6. Célula hospedante que comprende una molécula de DNA de cualquiera de las reivindicaciones 1 ó 2, un vector de copia múltiple de la reivindicación 4 y/o un plásmido de la reivindicación 5, como una parte de su cromosoma, como una parte de un mini-cromosoma, o extra-cromosómicamente.

7. Célula hospedante según la reivindicación 6, donde dicha célula hospedante es una levadura.

8. Célula hospedante según la reivindicación 7, seleccionada del grupo que comprende S. cerevisiae, K. lactis, H. polimorpha y P. pastoris.

9. Procedimiento para fermentar proteínas según la reivindicación 3, en el cual

(a)

una molécula de DNA de cualquiera de las reivindicaciones 1 ó 2, un vector de copia múltiple de la reivindicación 4, o un plásmido de la reivindicación 5, se expresan en una célula hospedante según cualquiera de las reivindicaciones 6 a 8; y

(b)

las proteínas expresadas se aislan del sobrenadante del cultivo celular.

10. Procedimiento según la reivindicación 9, en el cual después de completar la fermentación, se ajusta el pH a 2,5-3,5 para precipitar las proteínas no deseadas y las proteínas expresadas se aislan del sobrenadante de la precipitación.

11. Procedimiento según la reivindicación 10, en cuyo procedimiento, después de separar el sobrenadante de la fermentación de las células hospedantes, las células hospedantes se cultivan repetidamente en medio fresco, y la proteína de fusión liberada se aisla de cada sobrenadante obtenido durante el cultivo.

12. Un procedimiento según cualquiera de las reivindicaciones 9 a 11, en el cual una etapa del procedimiento para concentrar la proteína expresada en el sobrenadante después de la precipitación se selecciona de un grupo que comprende microfiltración, cromatografía de interacción hidrófoba y cromatografía de cambio iónico.

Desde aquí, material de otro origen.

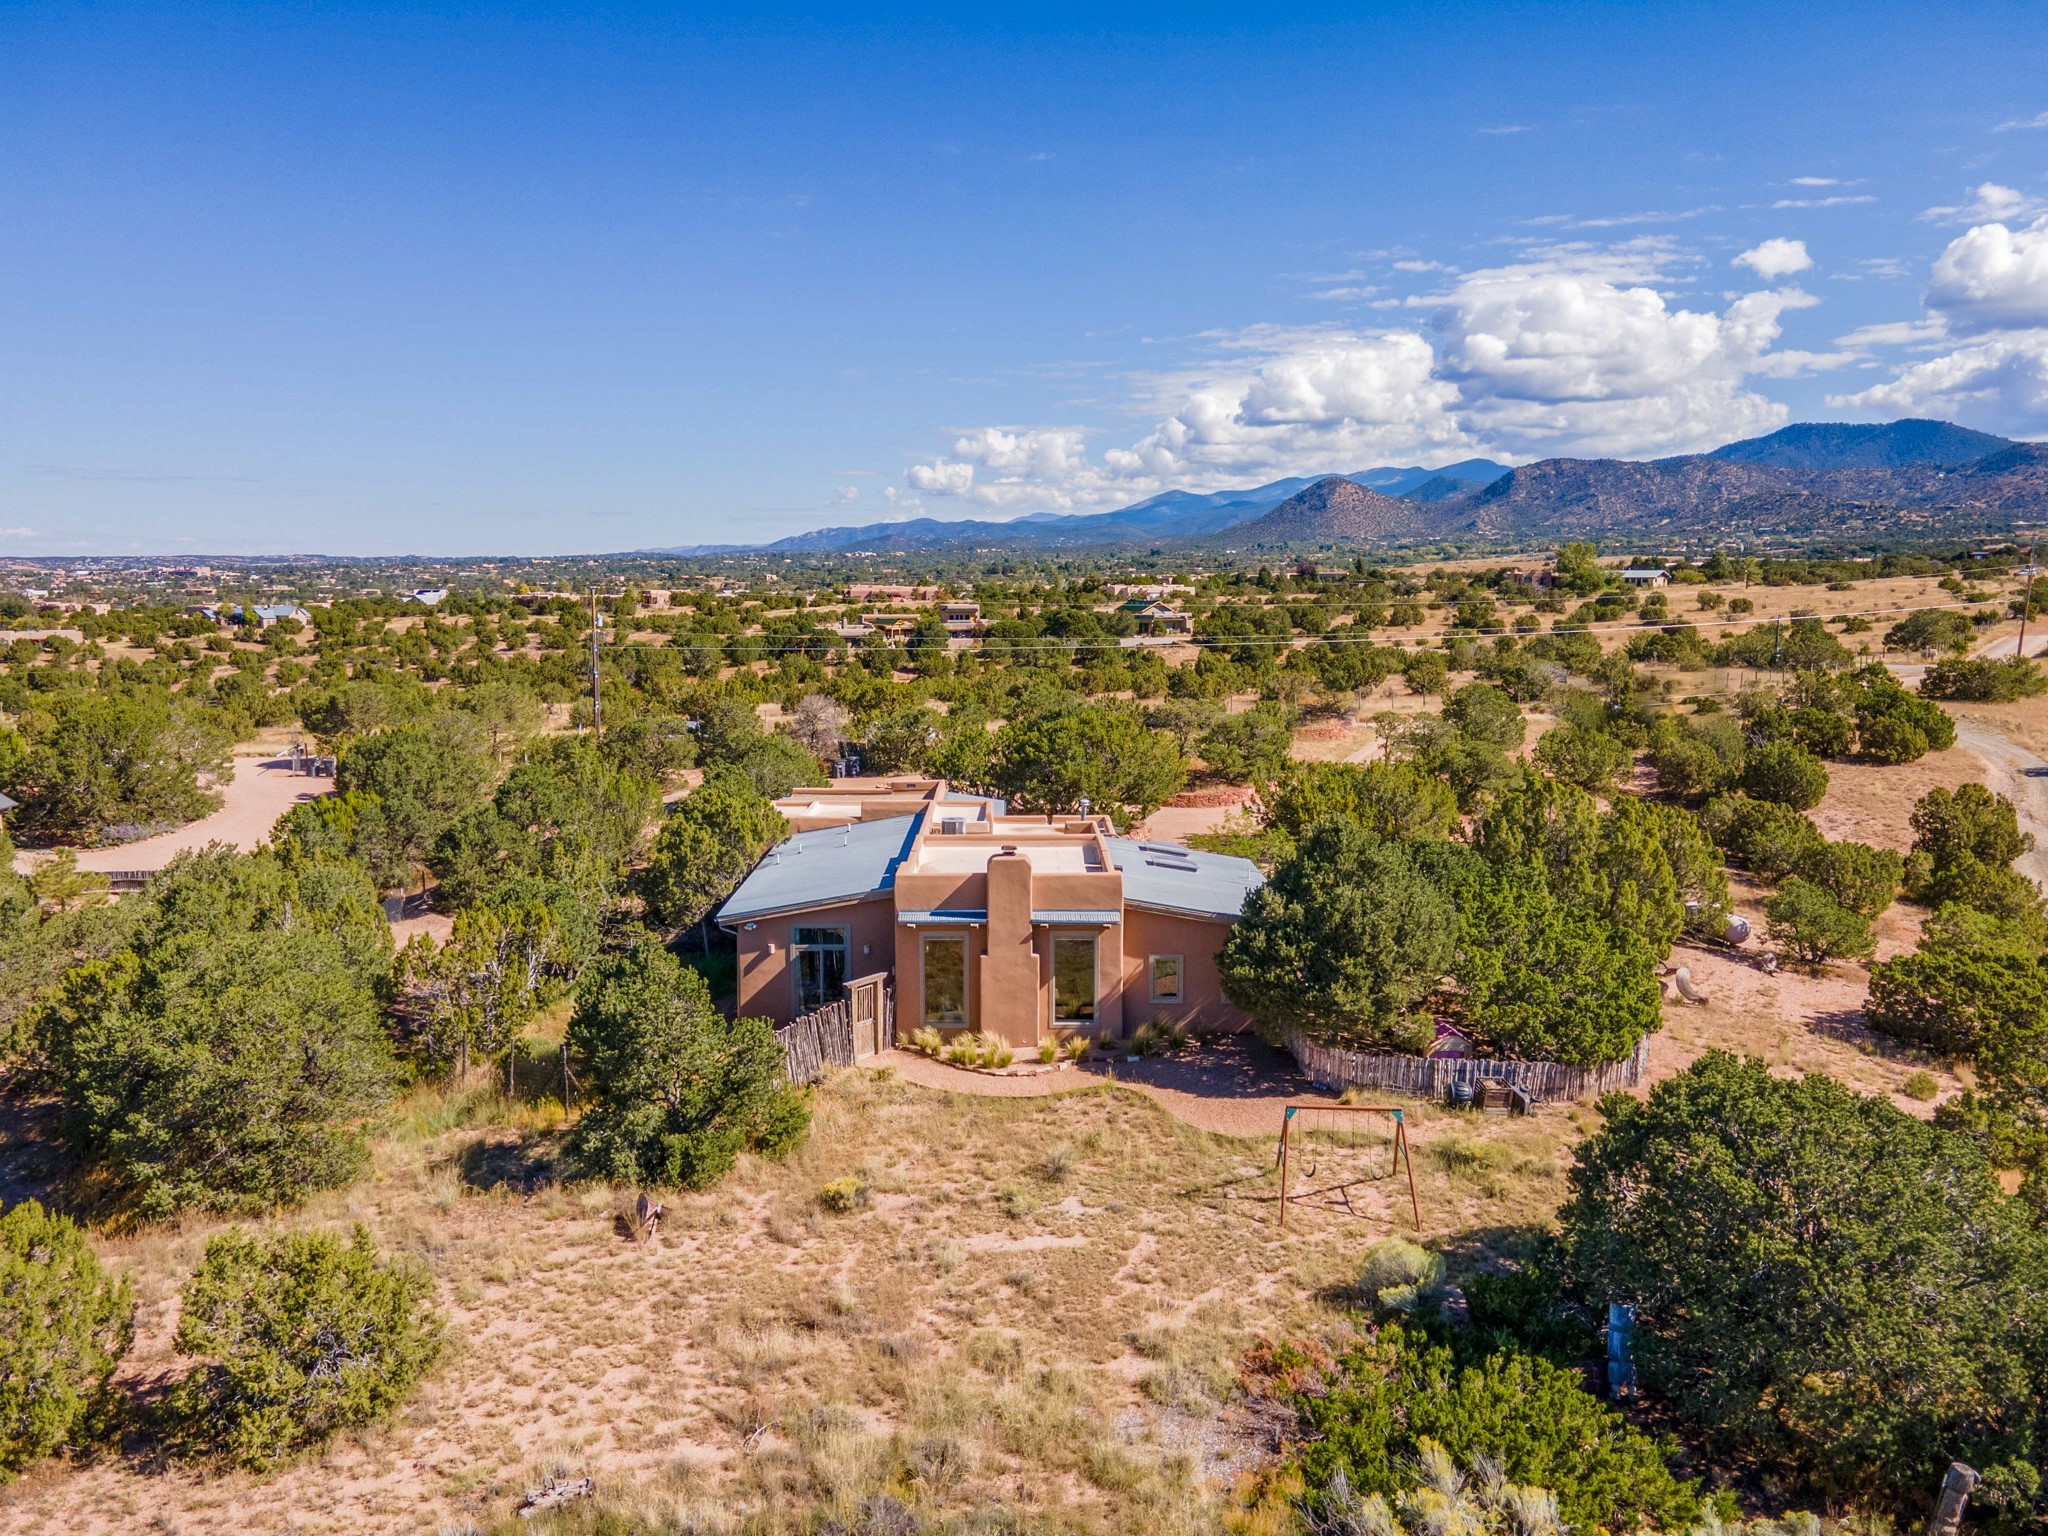 62 Old Agua Fria Rd W, Santa Fe, New Mexico 87508, 3 Bedrooms Bedrooms, ,3 BathroomsBathrooms,Residential,For Sale,62 Old Agua Fria Rd W,202233170

13. Procedimiento para la preparación de insulina, en el cual

(a)

la proinsulina se expresa como la proteína (Y) de la casete de expresión de la reivindicación 1, en un procedimiento según las reivindicaciones 9 ó 10;

(b)

la proinsulina de la etapa (a) se aisla y se trata con tripsina y carboxipeptidasa B; y

(c)

la insulina se aisla de la mezcla de reacción de la etapa (b).

14. Procedimiento según la reivindicación 13, en el cual el péptido de transporte es hirudina o un derivado de hirudina que se destruye o se inactiva biológicamente después de la etapa (a) o (b).

15. Proteína según la reivindicación 3, donde la proteína es un derivado de hirudina con dos restos aminoácidos básicos en su extremo del C terminal.